What you need to do - The listing below holds a line with "Light Up DIY Snowy Wood Christmas Tree" and a later line with "A colonial resort". Write out those two lines and every line between them, exactly, and nothing else.

Data shown: Begin

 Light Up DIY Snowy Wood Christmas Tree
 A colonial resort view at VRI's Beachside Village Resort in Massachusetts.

Data shown: End
Data shown: Begin

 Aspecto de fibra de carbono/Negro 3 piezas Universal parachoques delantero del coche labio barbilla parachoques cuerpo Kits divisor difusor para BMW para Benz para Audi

Data shown: End

Your solution -
 Light Up DIY Snowy Wood Christmas Tree
 A colonial resort view at VRI's Beachside Village Resort in Massachusetts.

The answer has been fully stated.